Janine Pietsch

Personal information
- Full name: Janine Pietsch
- Nationality: Germany
- Born: 30 June 1982 (age 44) Berlin, Germany
- Height: 1.88 m (6 ft 2 in)
- Weight: 79 kg (174 lb)

Sport
- Sport: Swimming
- Strokes: backstroke
- Club: SC Delphin Ingolstadt

Medal record
Women's swimming
Representing Germany
World Championships (SC)
| Gold medal – first place | 2006 Shanghai | 50 m backstroke |
| Gold medal – first place | 2006 Shanghai | 100 m backstroke |
European Championships (LC)
| Gold medal – first place | 2006 Budapest | 50 m backstroke |
| Bronze medal – third place | 2006 Budapest | 100 m backstroke |
European Championships (SC)
| Gold medal – first place | 2006 Helsinki | 50 m backstroke |
| Gold medal – first place | 2006 Helsinki | 4x50 m medley |
| Gold medal – first place | 2007 Debrecen | 4x50 m medley |
| Silver medal – second place | 2001 Antwerp | 4x50 m medley |
| Silver medal – second place | 2002 Riesa | 4x50 m medley |
| Silver medal – second place | 2003 Dublin | 4x50 m medley |
| Silver medal – second place | 2004 Vienna | 4x50 m medley |
| Silver medal – second place | 2004 Vienna | 4x50 m medley |
| Silver medal – second place | 2005 Trieste | 50 m backstroke |
| Silver medal – second place | 2005 Trieste | 4x50 m medley |
| Silver medal – second place | 2007 Debrecen | 50 m backstroke |
| Bronze medal – third place | 2001 Antwerp | 4x50 m freestyle |
| Bronze medal – third place | 2001 Antwerp | 50 m backstroke |
| Bronze medal – third place | 2001 Antwerp | 100 m backstroke |
| Bronze medal – third place | 2002 Riesa | 4x50 m freestyle |
| Bronze medal – third place | 2002 Riesa | 50 m backstroke |
| Bronze medal – third place | 2005 Trieste | 100 m backstroke |
| Bronze medal – third place | 2007 Debrecen | 100 m backstroke |

= Janine Pietsch =

German swimmer

Janine Pietsch (born 30 June 1982 in Berlin) is a German backstroke swimmer. In the course of her career, she competed at the 2004 Summer Olympics in Athens, won two gold medals on the short course at the 2006 FINA World Swimming Championships, and four European gold medals.

==Career==

===2001–2005===
Pietsch's first success on an international stage was at the 2001 European Short Course Swimming Championships in Antwerp, where she won one silver medal, in the 4x50m medley and three bronze medals, in the 50m backstroke, 100m backstroke, and 4 × 100 m freestyle relay. She would win another silver and two more bronze medals the next year in 2002. Between 2003 and 2005 she would win a further five silvers and one bronze in three European short course championships. In 2004, she competed in her only Olympic race, the 100 m backstroke. She finished seventh in her heat, and 23rd overall.

===2006–2007===
2006 was the best year of her career. In April she competed in Shanghai at the 2006 FINA World Swimming Championships, where she won two gold medals, the 50m backstroke, and the 100m backstroke. She won both gold medals by exactly a quarter of a second over second place.
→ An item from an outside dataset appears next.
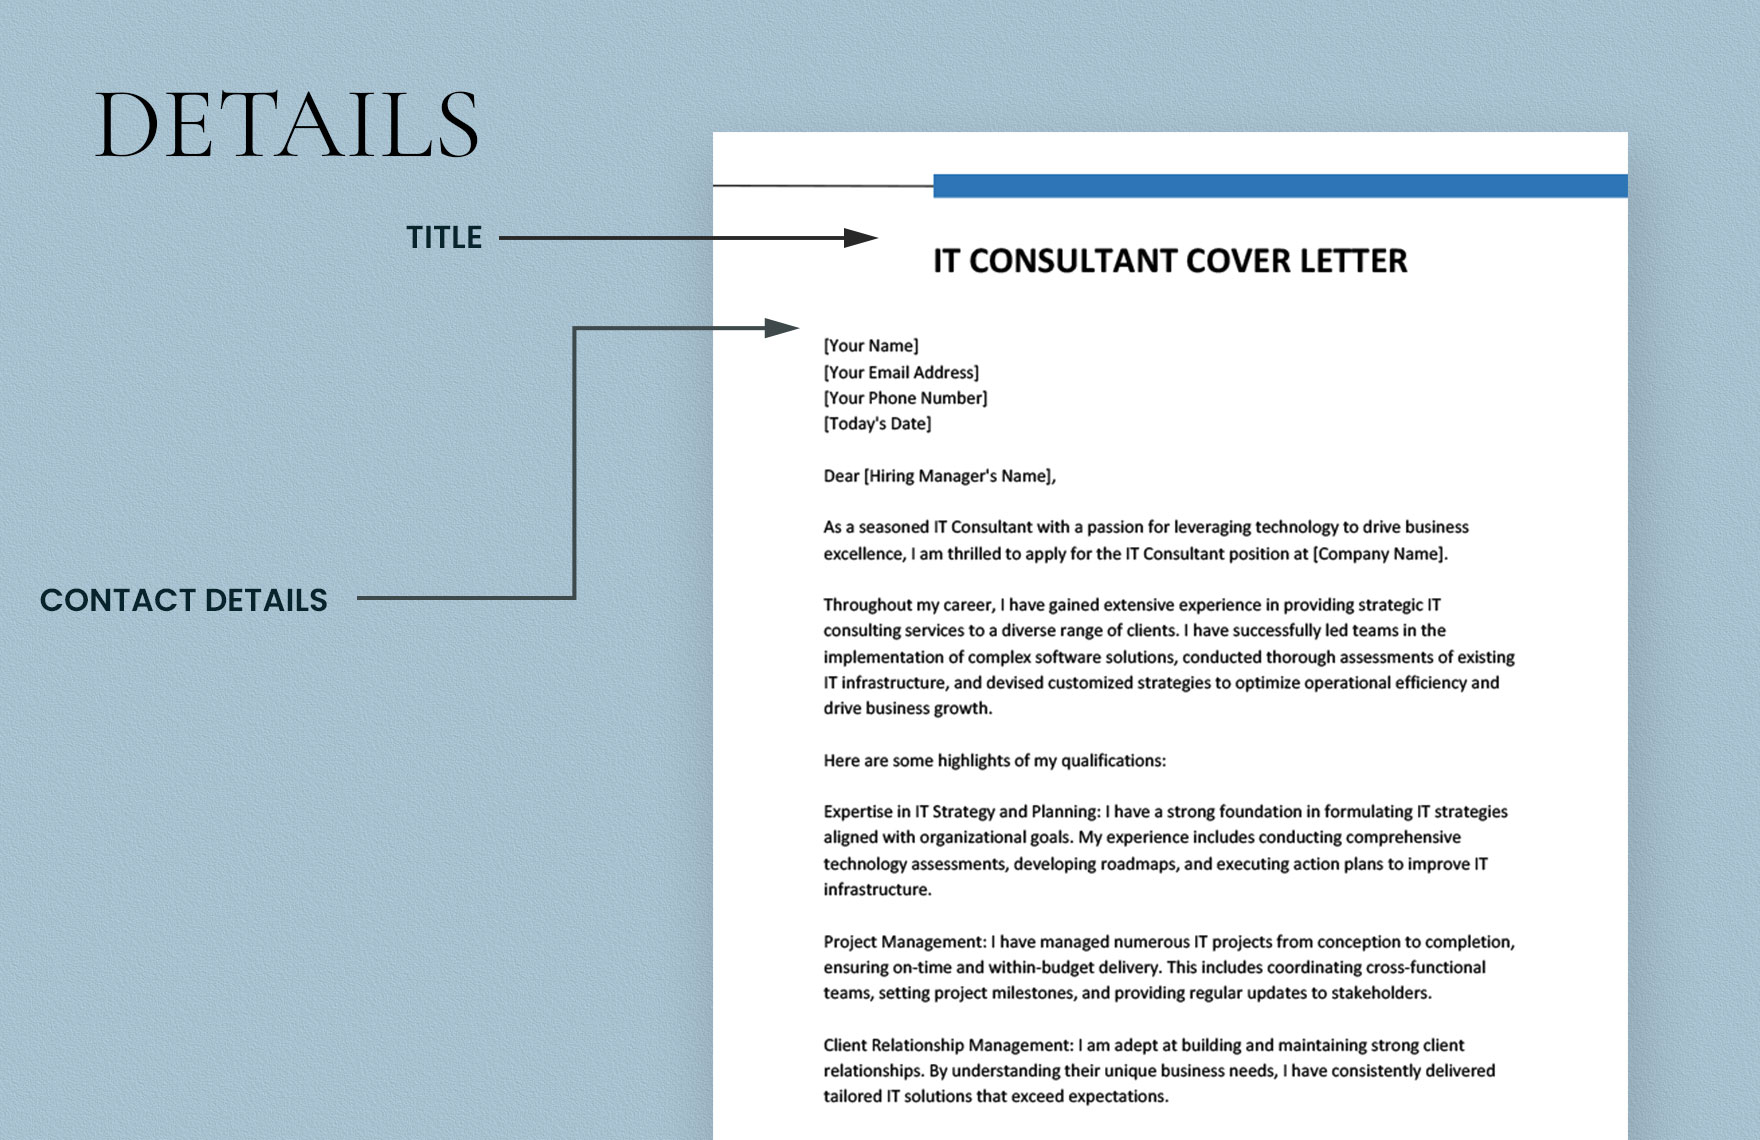 IT Consultant Cover Letter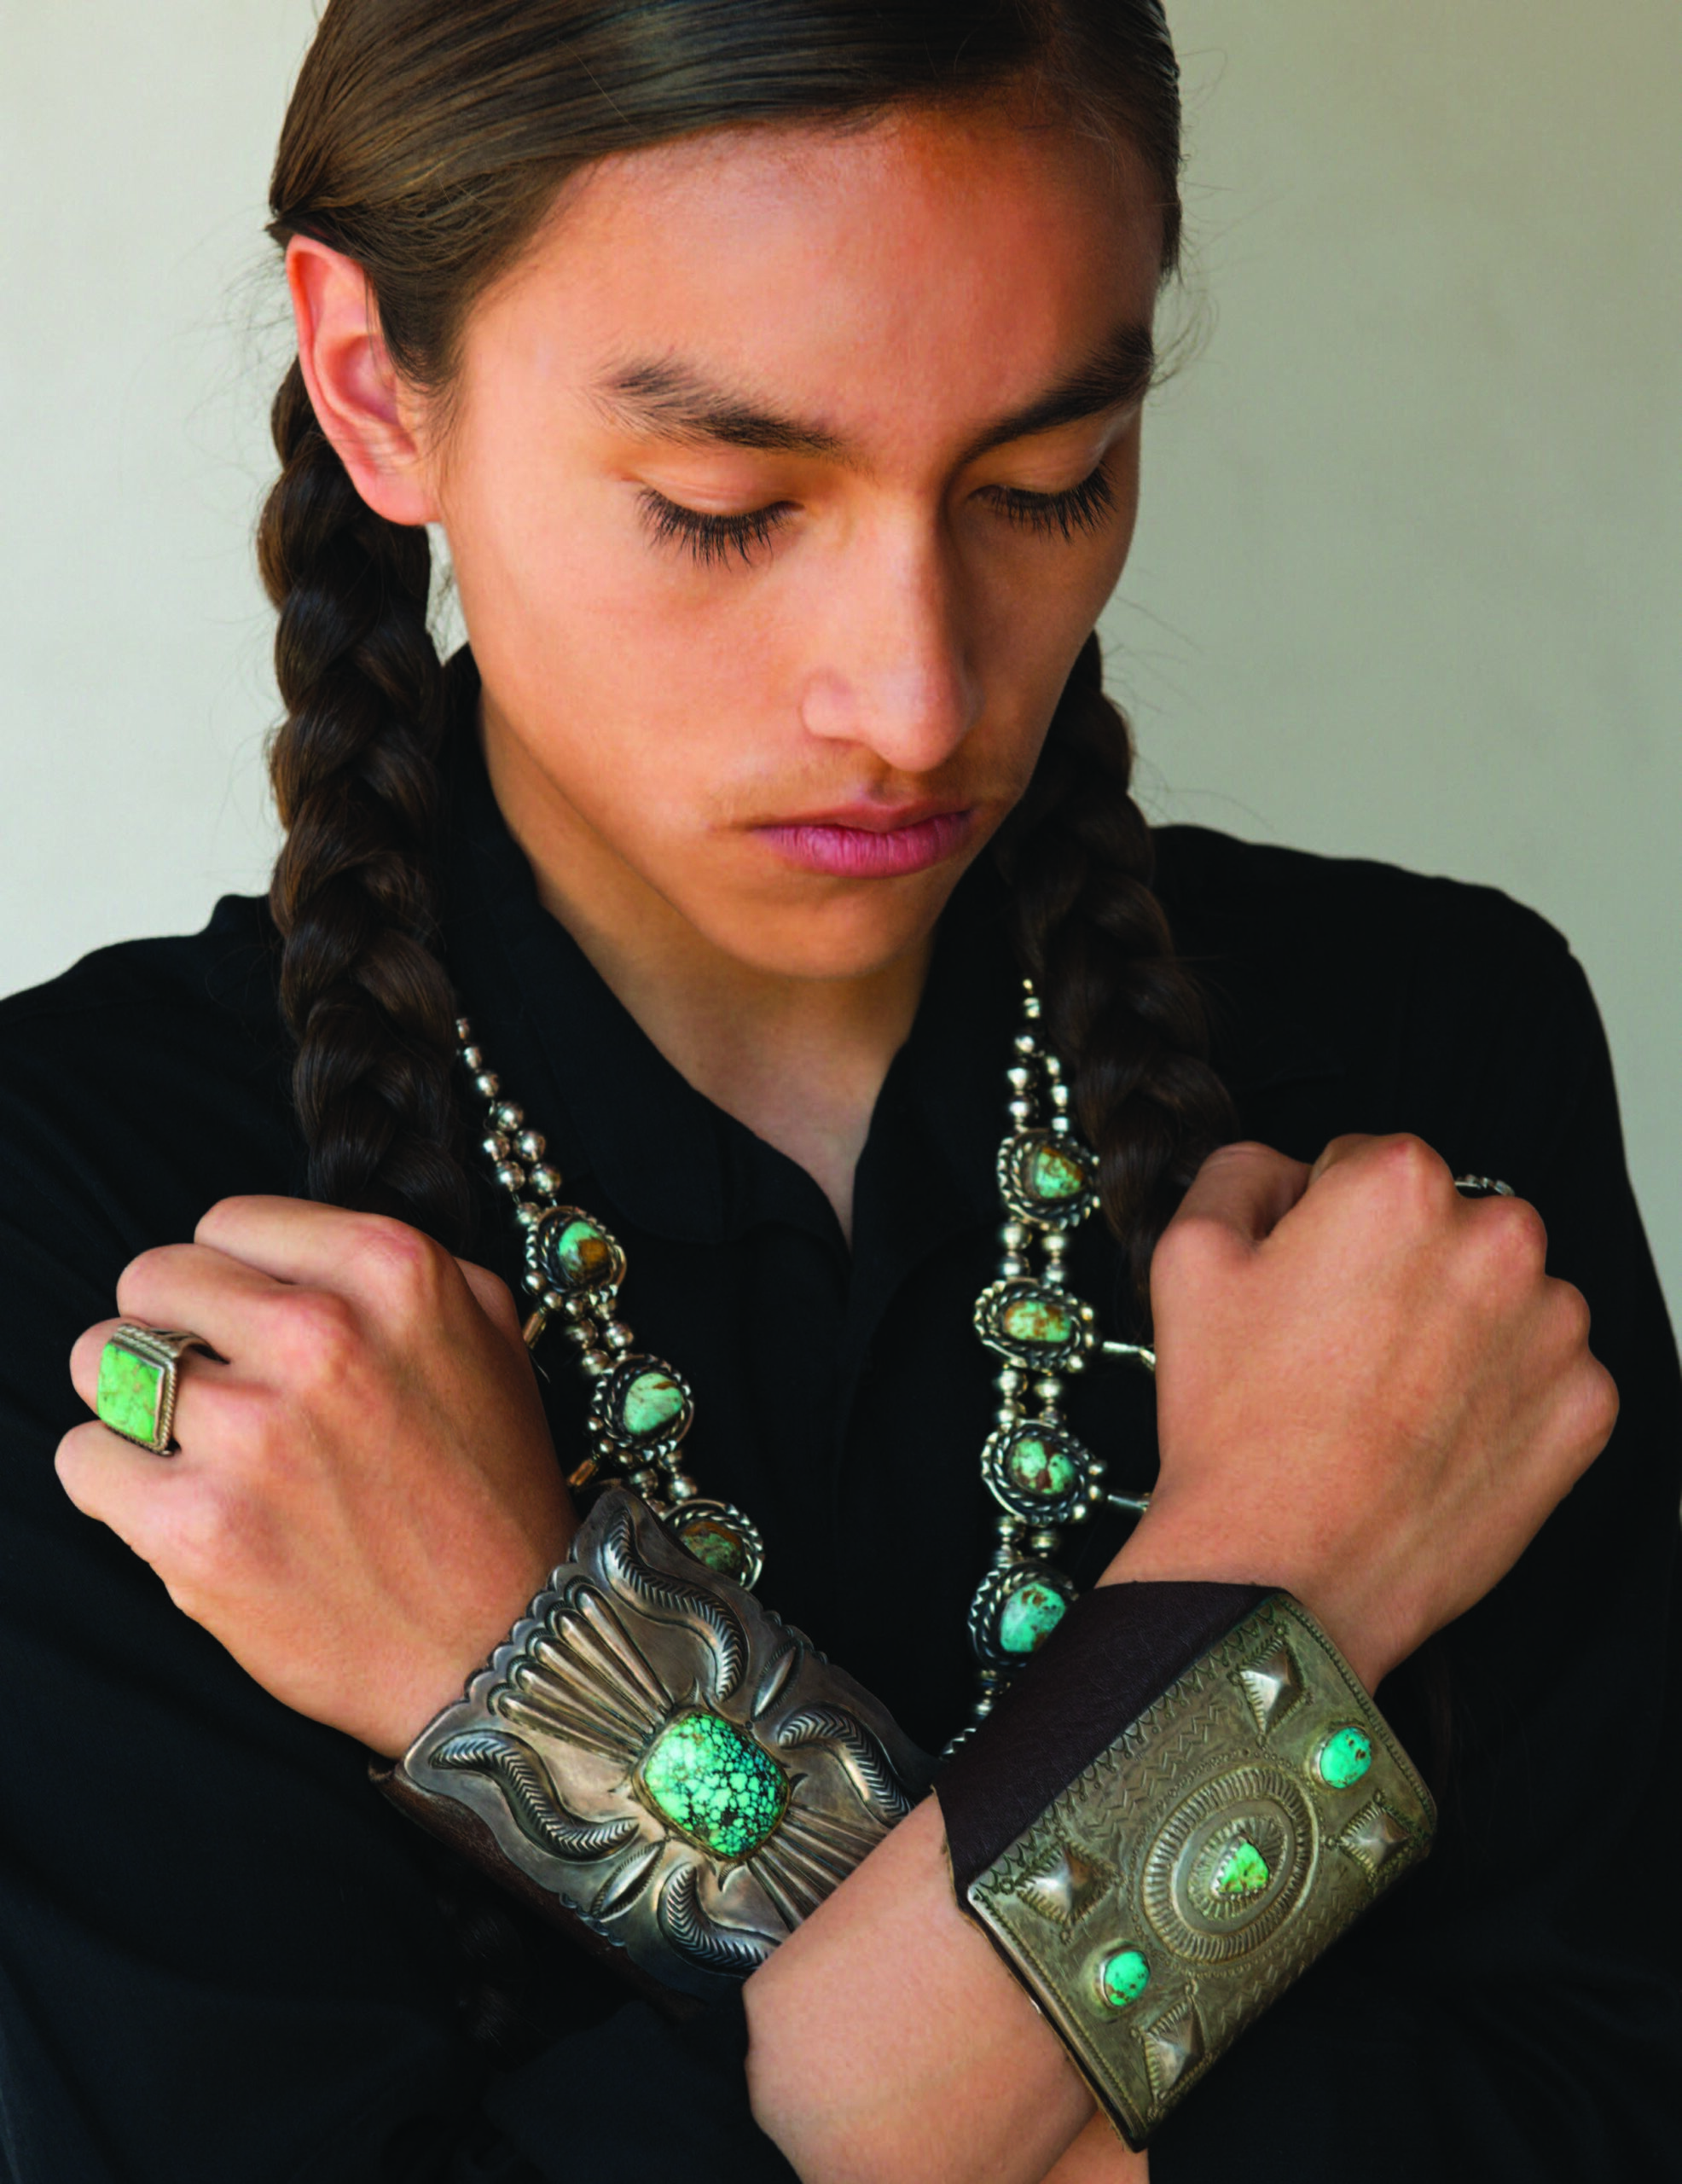 Phillip NoiseCat, with pieces from the exhibition. Large squash-blossom necklaces are often worn by men, as are ketohs (bow guards), which historically protected archers from string spring-back but today are considered jewelry items akin to bracelets. The ketoh with the square cabochon, made by Luther Aguilar, Santo Domingo, features a wonderful turquoise stone with “spiderweb” style matrix. The ketoh with three stones is Navajo, donated in 1939. Photo by Kitty Leaken.

In Budapest at the long-course 2006 European Aquatics Championships in late Summer, she won a gold medal in the 50m backstroke, and a bronze in the 100m backstroke. That December in Helsinki at the 2006 short-course European championships, she won two more gold medals, in the 50 m backstroke and 4x50m medley. In her last international success to date, at the 2007 short-course European championships she won gold in the 4x50m relay, silver in the 50m backstroke, and bronze in the 100m backstroke.

==Semi-retirement and personal life==
In 2008, Pietsch was diagnosed with breast cancer, and did not compete at the 2008 Summer Olympics as a result. However, she has not ruled out trying to qualify for the 2012 London Olympics. In 2010, she became a patron of the St. Mary's Hospital in Stuttgart.